The system will start at a small configuration of 32 Nvidia GPUs, all the way to a larger configuration of 256 Nvidia GPUs. On the smaller configuration, the system delivers approximately 90% scaling efficiency for workloads like natural language processing and Computer Vision.

The new system will be offered in one integrated package that provides preconfigured, fully installed AI infrastructure. As part of this, HPE Pointnext Services will provide onsite installation and software setup.

HPE’s system is offered in a small building block with options to scale up. The configuration comes with AI infrastructure using the HPE Apollo 6500 Gen10 Plus system with eight Nvidia A100 80GB GPUs. It also has HPE Proliant DL32 servers and 1GB Ethernet Aruba CX 6300 switch to control and manage system components. Lastly, it uses the Nvidia Quantum Infiniband networking platform to ensure performance of compute and storage communications.


HCI 2.0 From HPE: How it can help your business thrive

Why SMBs need to accelerate digital transformation with HCI


The company has also launched HPE Swarm Learning, which it claims is the industry’s first privacy-preserving, decentralised machine learning framework for the edge or distributed sites. Through this, a range of organisations, like those in healthcare, banking and financial services, and manufacturing, can share learnings from their AI models with other organisations to improve insights, without sharing the actual data.

It provides customers with containers that are easily integrated with AI models using the HPE Swarm API. Users can then immediately share AI model learnings within their organisations and outside with industry peers to improve training, but without the data.

Currently, the majority of AI model training occurs at a central location, which relies on centralised merged datasets.
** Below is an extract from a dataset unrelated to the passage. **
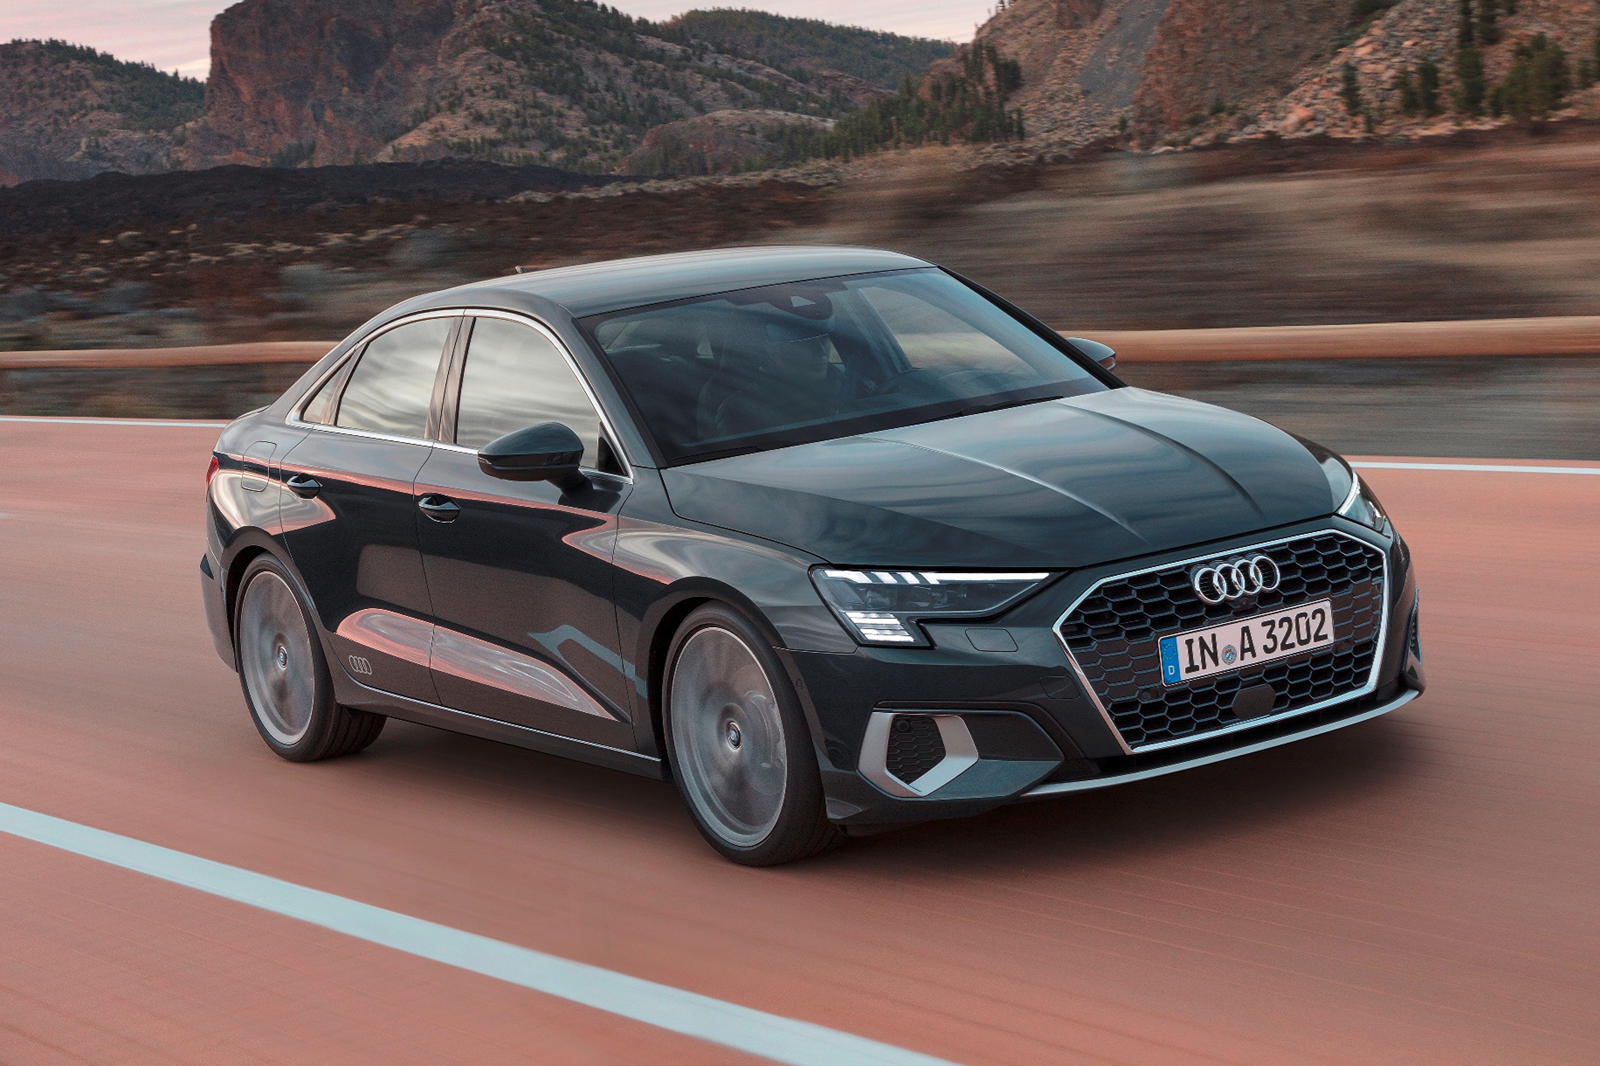 2022 Audi A3 Sedan Coming With Sharper Styling And Upgraded Tech | CarBuzz

HPE said this approach can be inefficient and costly due to having to move large volumes of data back to the same source. It can also be constrained by data privacy and data ownership rules and regulations that limit data sharing and movement, potentially leading to inaccurate and biased models.

The company pointed out that by sharing learnings from one organisation to another at the data source, various industries across the world can unite and further improve intelligence that can lead to business and societal outcomes.

Sharing data externally, however, can be a challenge for organisations that are required to meet data governance, regulatory, or compliance requirements that mandate that data stay at its location. HPE Swarm helps companies to use distributed data at its source, which increases the dataset size for training while preserving data governance and privacy.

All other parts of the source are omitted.